Jump Over Left Menu
4. CODE RULES
coderule ::= identifier outrulelist ; | simplecoderule ; outrulelist ::= outrule | outrulelist outrule outrule ::= [ nodetest? ] => outexpression nodetest ::= item | nodetest , item item ::= - | identifier [ nodetest? ] | string | nodename | label | basictype basictype ::= .NUM | .ID | .OCT | .HEX | .SR | .CHR | .DIG | .LET outexpression ::= outalternative | outexpression / outalternative outalternative ::= outitem | outalternative outitem outitem ::= outputtext | nodename | identifier [ arglist? ] | arithmetic | (outexpression) | .EMPTY | label outputtext ::= % | string | !string | @ integer nodename ::= * integer | nodename : * integer arglist ::= argmnt | arglist , argmnt argmnt ::=nodename |label |string simplecoderule ::= identifier / => simpleoutexpression | identifier / => .EMPTY simpleoutexpression ::= outputtext | simpleoutexpression outputtext label ::= #1 | #2 | #3 | #4
4.2 Code Generation
Code generation is initiated when an asterisk is encountered in a Syntax Rule that is being obeyed. At this stage, a complete tree should have been produced and the stack will contain a pointer to the top node of the tree. Initially, the Code Rule which has the same name as the top node of the tree will be called. In the example given in Section 3.8, the top node of the tree will have the name STORE. Therefore, a Code Rule with this name must have been defined. A typical rule might be:
STORE [ -,.ID] => 'LOAD ' *2 ' STORE ' *1 [-,-] => *2 ' STORE ' *1 ;
A Code Rule consists of two main parts. The first gives the name of the rule (STORE in the example) and the second gives a number of possible nodes of this form and how they are to be analysed (outrules). The final outrule in the set is followed by a semicolon. Outrules can be defined which deal with specific subsets of the nodes with a particular name. These allow different code to be generated, depending on the form of the tree. In its simplest form, a Code Rule consists of a single outrule. For example:
STORE[-,-] => *2 ' STORE ' *1 ;
Each outrule consists of two parts. The first part is the nodetest, enclosed in square brackets, which defines the type of node that it can handle. The second part, following the => symbol, defines the action to be taken for this type of node when it is encountered. The example above contains two of the most frequently-used output items. An item consisting of the symbol * followed by an integer, I, will cause the Code Rule whose name is the same as the Ith branch of the current node to be called. If the Ith branch is a leaf of the tree which is a string, this string will be output. The appearance of a set of characters inside string quotes in a Code Rule will cause the string to be output when this item is obeyed. In the example above, the second branch will be called. On return, the characters STORE will be output and then the first branch will be called. In the case of the STORE node of Section 3.8, the first branch must be an identifier. The characters of the identifier are therefore output.

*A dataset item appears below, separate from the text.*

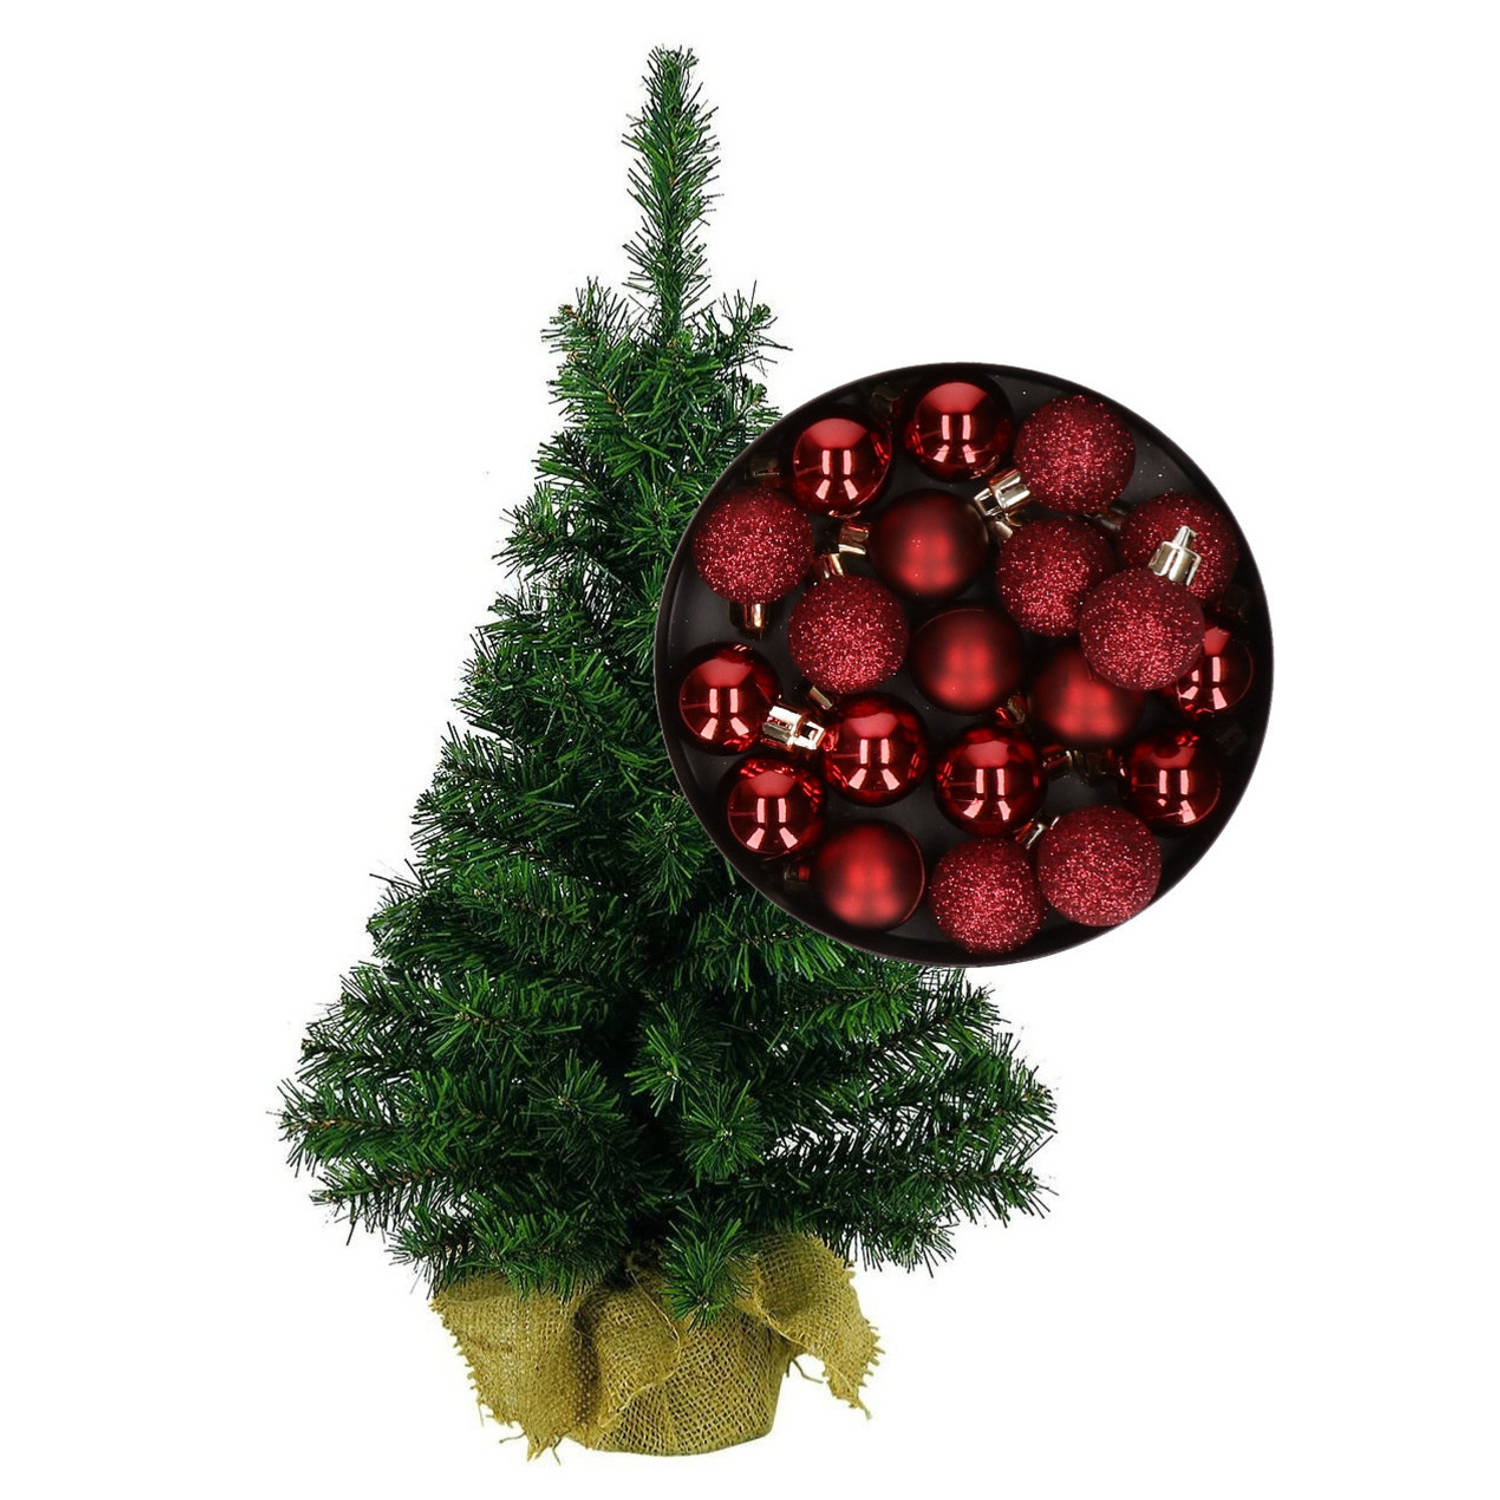 Mini kerstboom-kunst kerstboom H75 cm inclusief kerstballen donkerrood Kunstkerstboom

When a Code Rule is called, the nodetests of the individual outrules are compared, in turn, with the tree node being considered. The first outrule whose nodetest matches the current node will be executed. If none of the outrules correspond to the particular tree node, no outrule is executed and the value false is returned to the calling rule.

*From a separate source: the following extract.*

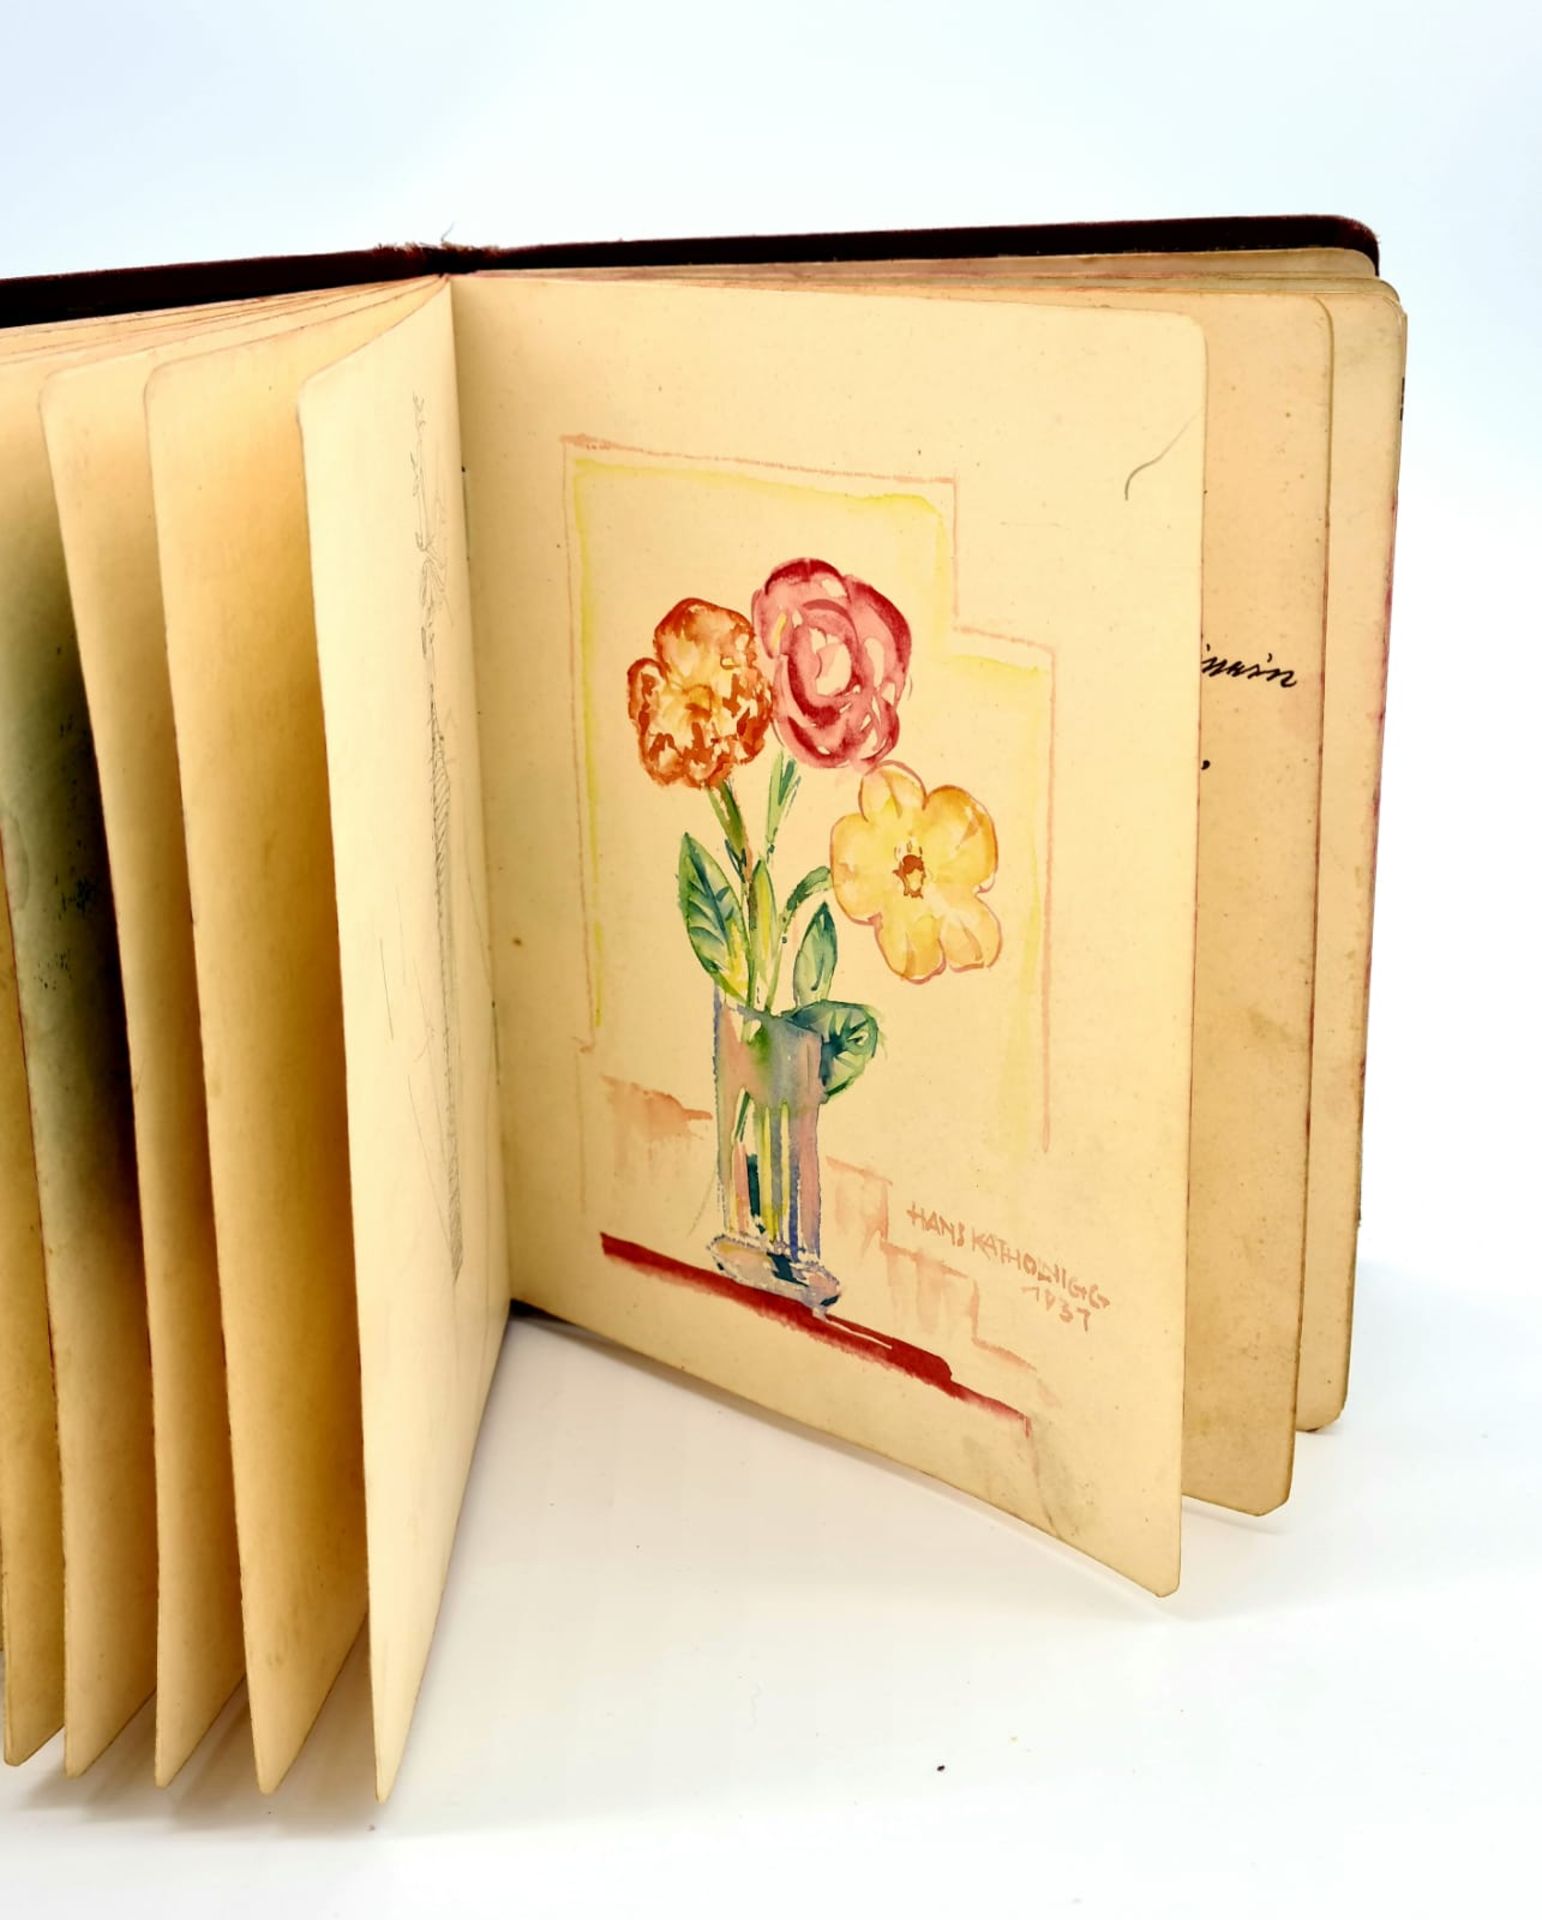 Poesiealbum aus den 1920er Jahren mit mehreren Aquarellen und Gedichten, Größe: ca. 17x14cm, - Image 4 of 4

As the right hand side of an outrule is being obeyed, it is likely that other Code Rules will be called whose names appear as tree nodes further down the tree. These, in turn, will call other Code Rules so that the initial examination of the top tree node will cause the whole tree to be processed.

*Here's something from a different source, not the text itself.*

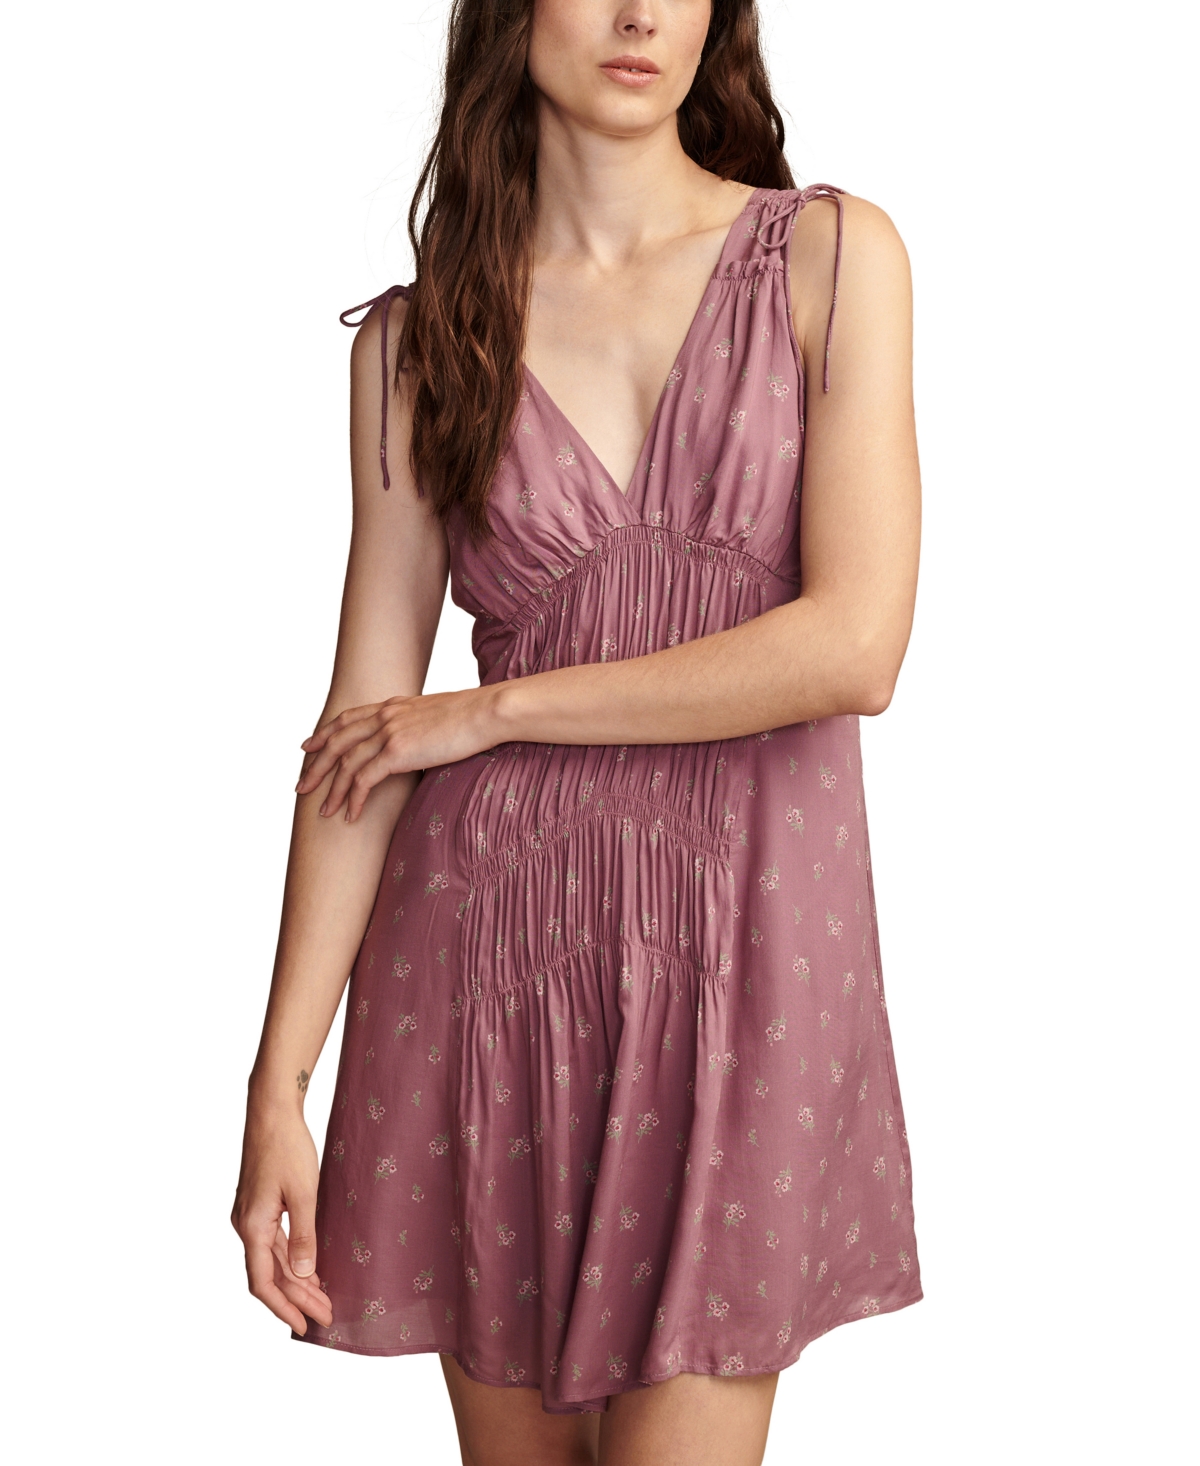 Women's V-Neck Sleeveless Smocked Dress - Berry Multi

Once the execution of the initial Code Rule called is complete, control will return to the Syntax Rule immediately after the asterisk which initiated the code generation. Further input will be analysed until another asterisk is encountered. There is, therefore, a continual switching between syntax analysis and code generation.
4.3 Node Names
In Code Rules there is often a need to specify a node or leaf of the tree being decoded. The Code Rule is entered with a pointer to the part of the tree to be analysed. The node pointed at will be called the current node. This can be either the top node of a sub-tree or a single leaf. If it is a node, it will have a number of branches (or possibly none) which point to other nodes or leaves. A nodename will specify a particular node associated with the current node. In its simplest form, a nodename consists of an asterisk followed by an integer which indicates the particular branch of the current node to look at. For example, *2 specifies the node at the end of the second branch (reading from left to right) of the current node. Subnodes of this node can be specified in a similar manner. The original nodename is followed by the symbol : and then the branch to be taken from this node. For example:
refers to the node attached to the second branch of the node which is attached to the first branch of the current node. Nodenames of this form can continue to the complete depth of the tree. To decode a nodename, it should be read from left to right with an imaginary pointer at the current node. As each branch is specified, the pointer should be moved to the corresponding node attached to this branch. The- node specified is the one at which the pointer finishes. Consider the tree:
Fig. 4.1: TREE-META tree
The nodename *2:*3 refers to the third branch of the MULT node which is the ADD node. The nodename *2:*3:*1 refers to the leaf G.
4.4 Node Tests
Each nodetest consists of a set of items separated by commas. The number of items indicates the number of branches expected for the node being considered. The simplest item possible is the symbol, -, which indicates that the branch may point to a node of any form. For example:
STORE[-,-] => .....
is a Code Rule which can deal with any STORE node having two branches attached to it. Similarly:
will deal with a STORE node not having any branches attached to it.
The positions in the item list refer to the branches in order, from left to right. The complete set of items allowed is:
- - : indicates that the node attached to this branch may be of any type. It can be a node or a leaf.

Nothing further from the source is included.